I'll take the mean of that difference across all years as the metric: simply adding may be odd because of different year-to-year sizes in the sets. To keep that sane, I'll limit to names that appear at a greater than .5% rate at least 10 times.
set.seed(1)
joint %>% sample_n(10)
## Source: local data frame [10 x 6]
##
## name year fName ssa ipums isNA
## 192838 durmond 1898 TRUE 2.099e-06 5.266e-06 TRUE
## 270272 fritzie 1925 FALSE 2.099e-06 7.912e-06 TRUE
## 416060 libra 1913 TRUE 2.099e-06 4.582e-06 TRUE
## 659625 thonie 1922 TRUE 2.099e-06 7.668e-06 TRUE
## 146480 collin 1916 FALSE 9.305e-06 7.336e-07 TRUE
## 652492 tennie 1887 TRUE 1.132e-04 7.327e-05 FALSE
## 686108 vernita 1908 TRUE 2.099e-06 9.303e-06 TRUE
## 479930 mauer 1888 FALSE 2.099e-06 2.771e-05 TRUE
## 456918 mancy 1908 TRUE 2.099e-06 3.290e-05 TRUE
## 44875 aontion 1930 FALSE 2.099e-06 9.151e-06 TRUE
topNames = joint %>% group_by(name, fName) %>% filter(!isNA, ssa > 0.005, ipums >
0.005) %>% mutate(count = n()) %>% filter(count > 10) %>% mutate(difference = log(ssa/ipums)) %>%
summarize(difference = mean(difference), aname = name[1]) %>% arrange(-difference) %>%
mutate(gender = ifelse(fName, "Female", "Male"))
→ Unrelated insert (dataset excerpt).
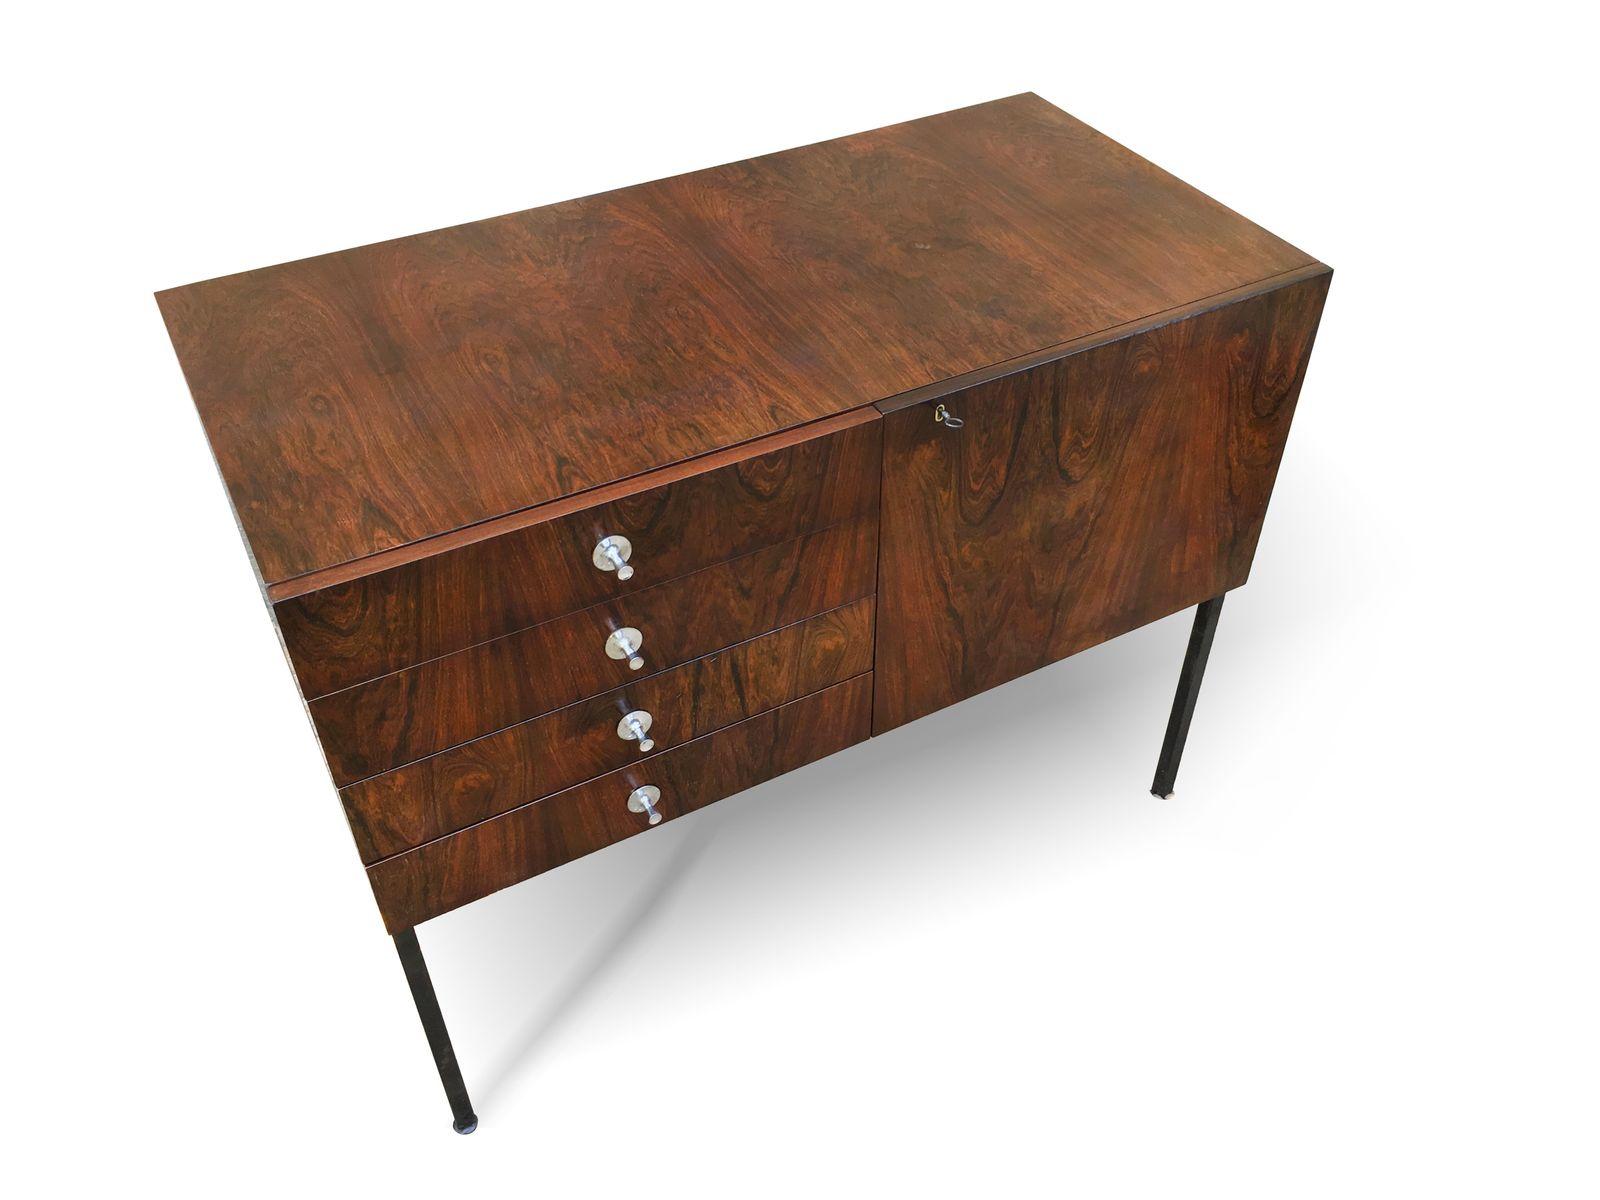 Vintage sideboard 800 by alain richard for meubles tv for for Mueble tv vintage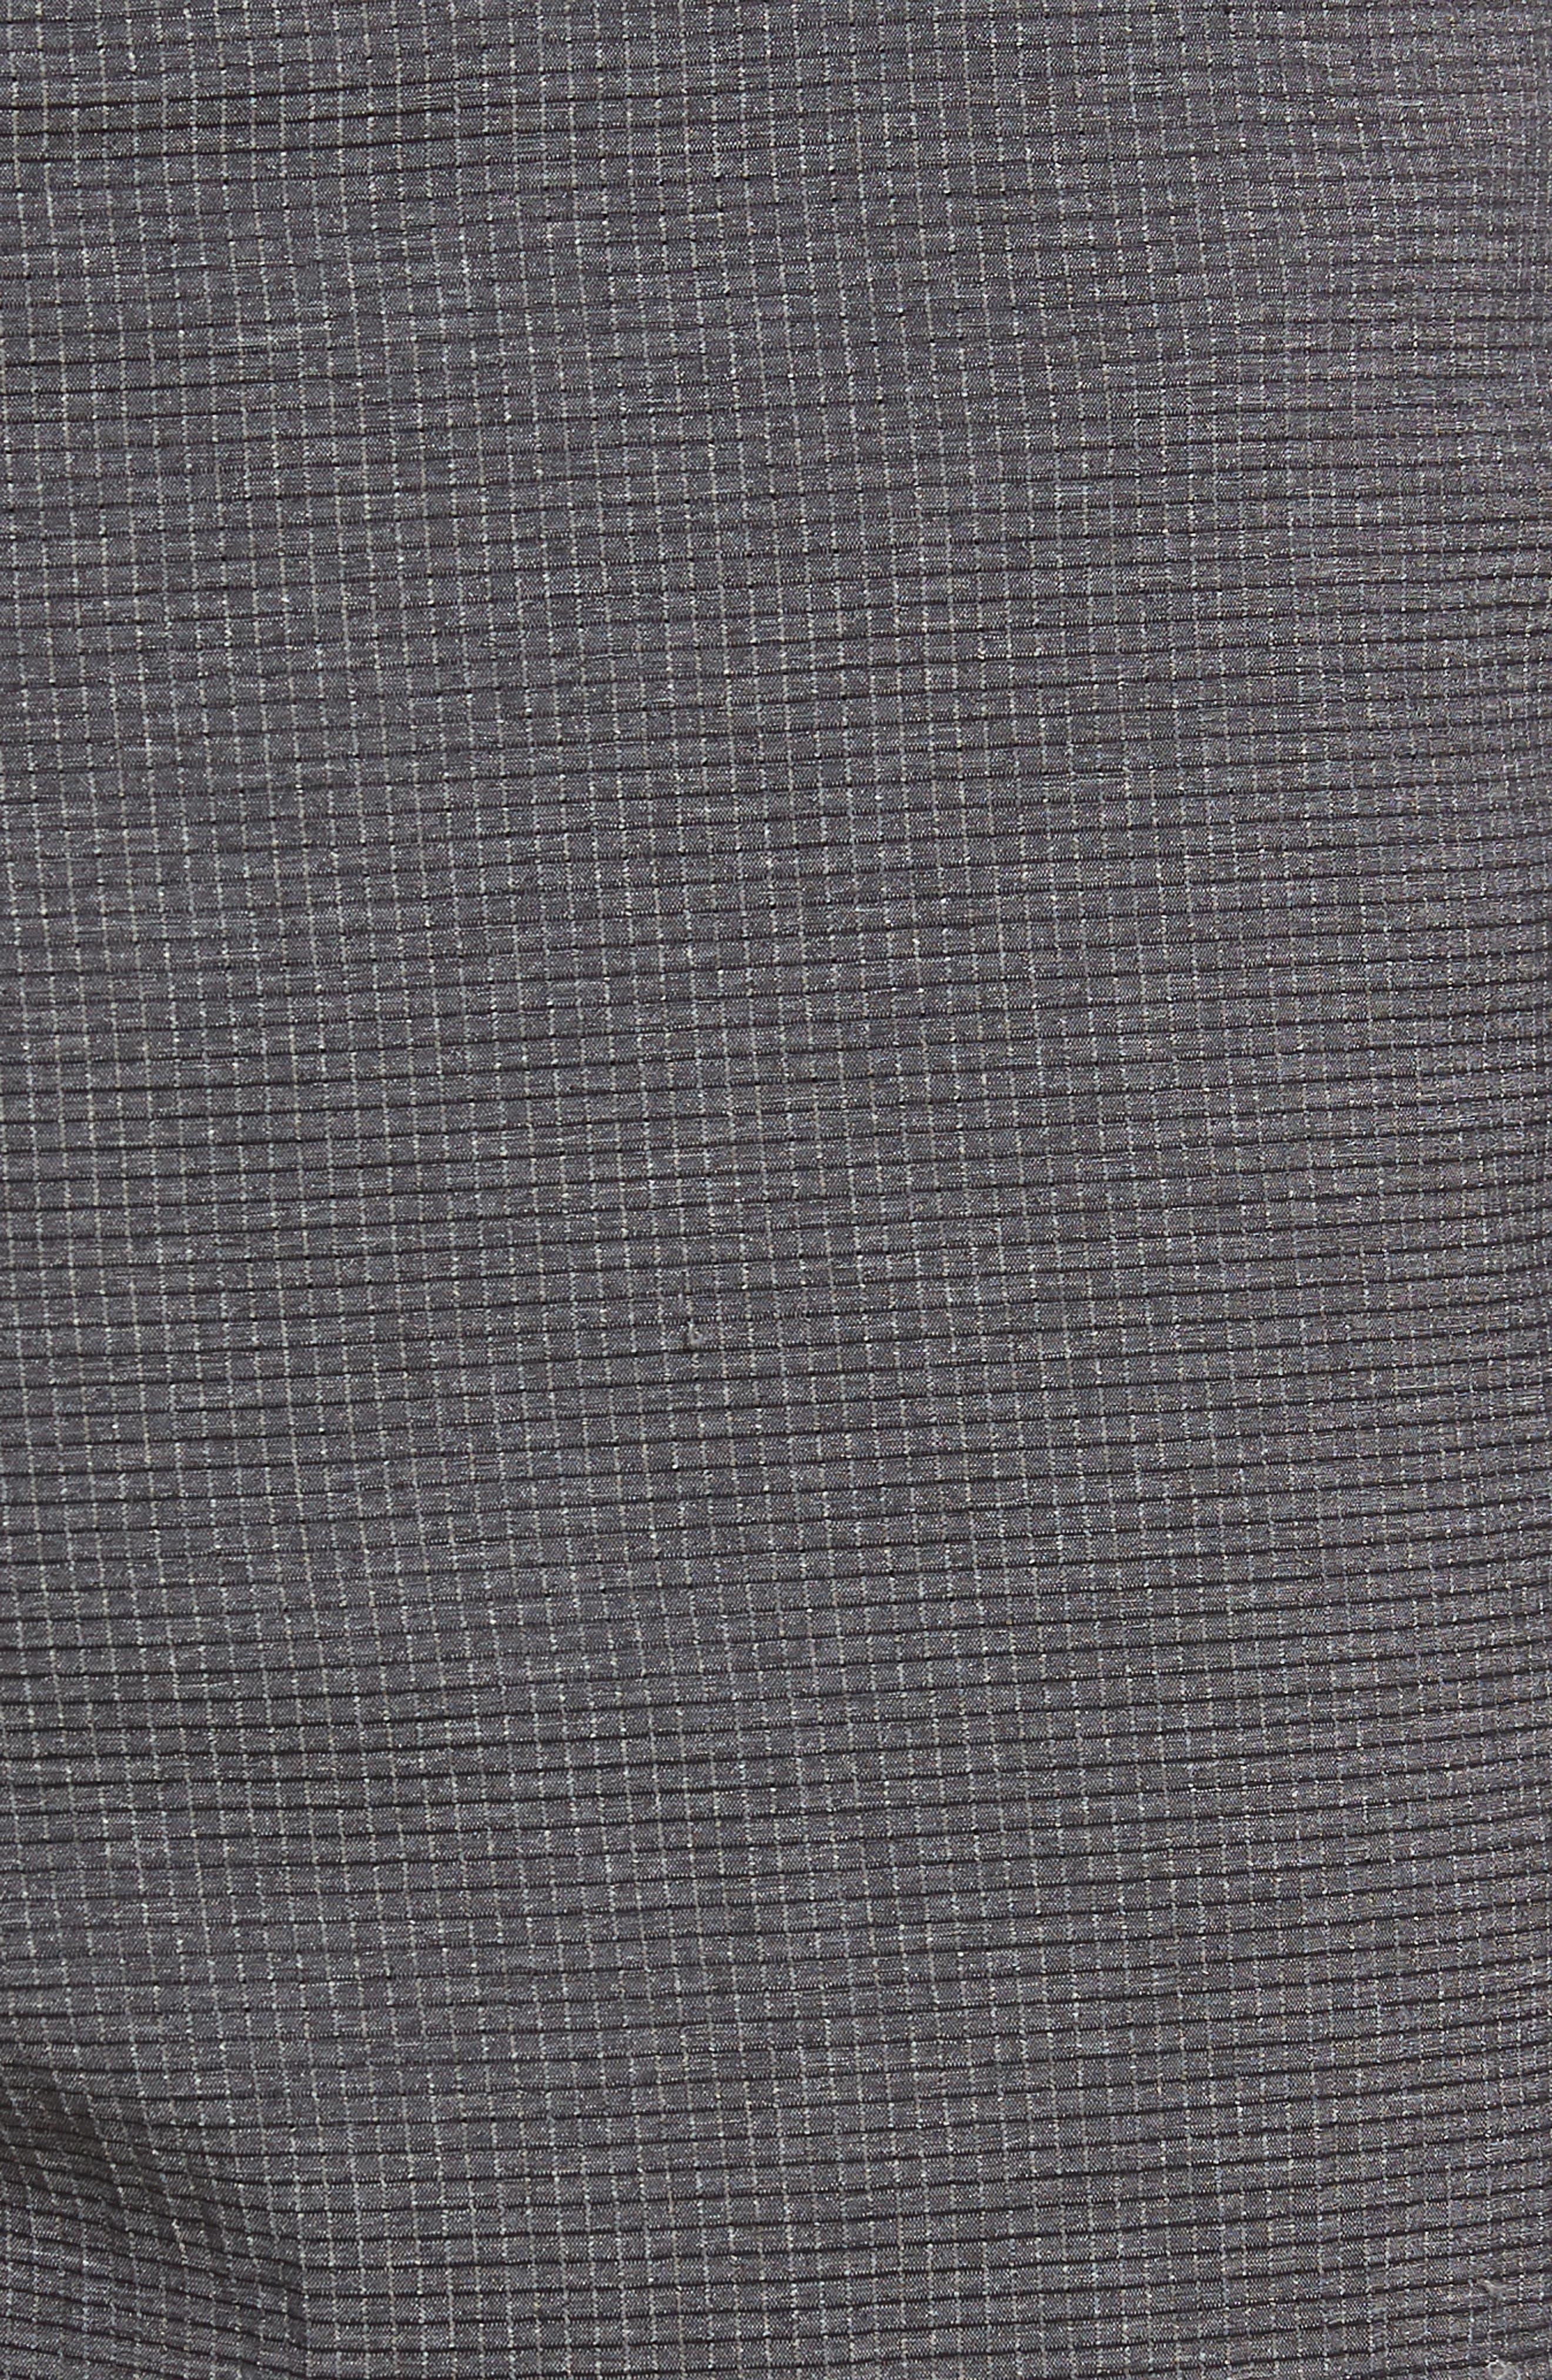 Peel Out Shorts,                             Alternate thumbnail 5, color,                             GREY PINSTRIPE

topNames %>% ggplot(aes(x = reorder(name, difference), y = difference)) + geom_point(aes(color = gender)) +
coord_flip()
The first thing that jumps out here is that high differences are all female names, and low ones are all male names. That means that there are relatively more women in the SSA sample than in the census.
Why?
Well, keep in mind that these aren't childbirth records like the earlier censuses: these are registration records of people who signed up for social security after the program began in the late 1930s.
So some possible reasons that women are over-represented in the Social Security set 1. Men die younger than women, so more women are still around at the point that they're registering for social security benefits. 2. Men just didn't sign up for Social Security at all. 3. Men immigrate at higher rates than women, and something like this is messing it up.
Some of these we can test quite easily: what percentage are male and female, by year, in each set.
genderCounts = joint %>% group_by(year, fName) %>% do(data.frame(group = c("ssa",
"ipums"), percent = c(sum(.$ssa), sum(.$ipums))))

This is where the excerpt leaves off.